Да и Бог с ним, с Западом. Но вот вопрос, как же, великая своей духовностью и соответственно проницательностью, Россия могла повестись на такого рода заманило вки и морковки, подвешенные столь высоко на удочке, что дотянуться до них не было никакой возможности? Понятно, что в России всегда была сильна прослойка людей, изначально ориентированных на Запад, ментально воспринимающих его как новый Иерусалим, землю обетованную и счастливый громадный ковчег для всех, кто пожелал спастись. Но, как правило, количество таких людей было невелико, и они никогда не думали о народе в целом.
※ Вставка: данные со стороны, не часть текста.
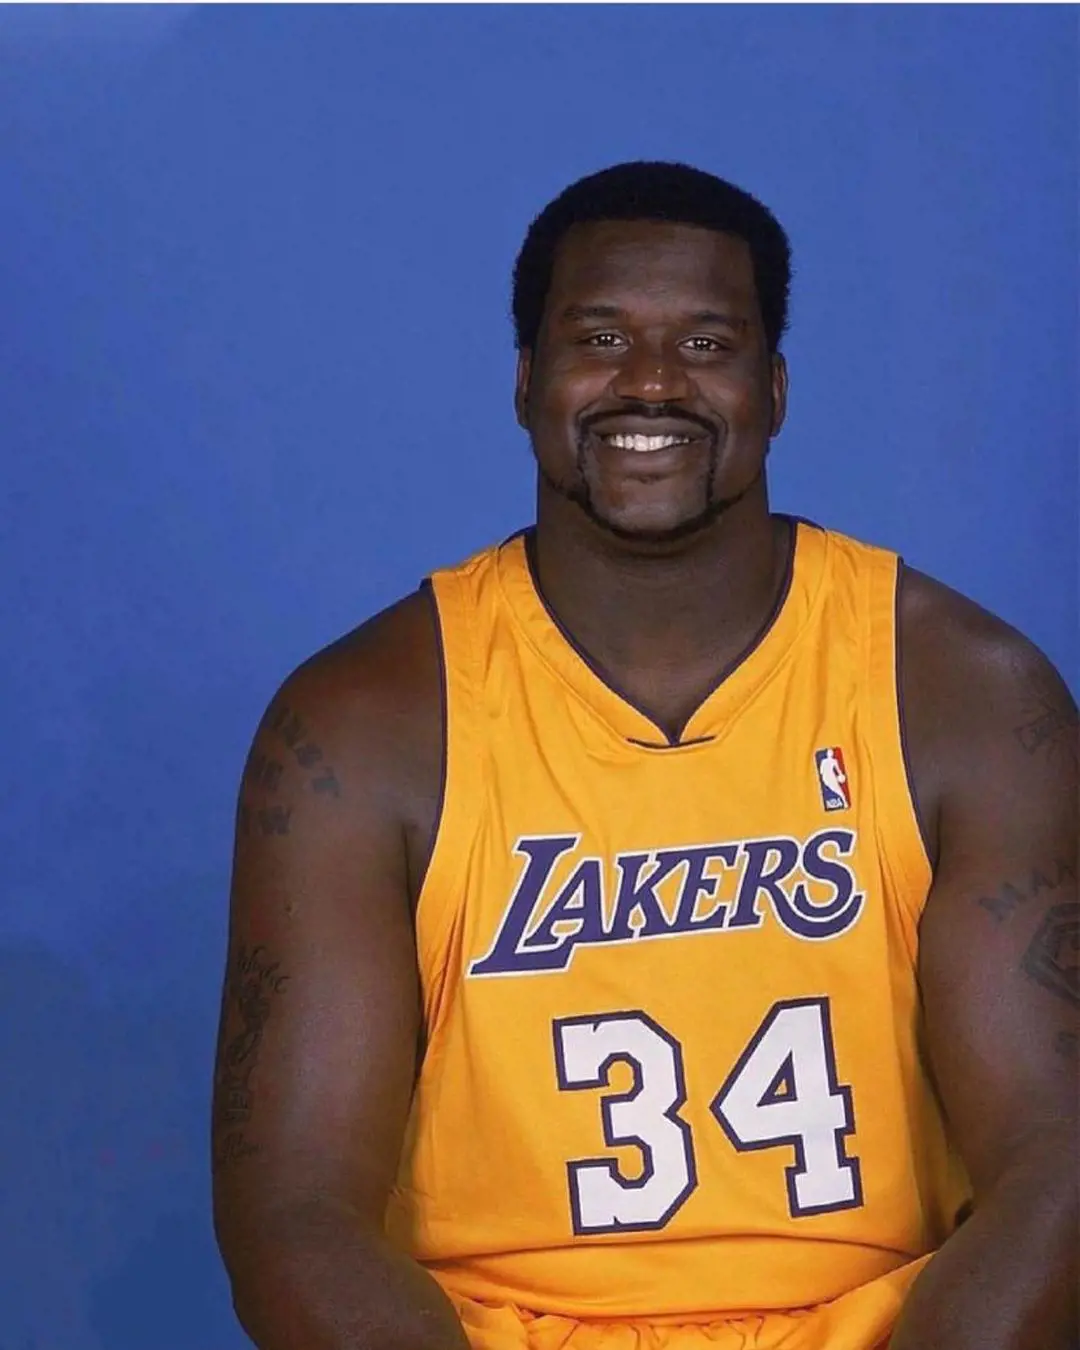 Shaq once had a head full of hair during early NBA days

Да и сам русский народ был для них серьезной помехой в их планах и перспективах развития. Причем, это была интенция, отнюдь не связанная с событиями 90-х и 2000-х годов, то же самое было на всех этапах развития России. Замечательно, и я даже писал об этом в своих книгах, что именно они, западники, всегда — от императорской России до СССР были той материей, которая всегда была интегрирована в аппарат управления, их представители всегда занимали высшие посты в русском государстве, в то время, как любое патриотическое движение всегда, подчеркнем это слово особо, рассматривалась как по-настоящему враждебное российской власти.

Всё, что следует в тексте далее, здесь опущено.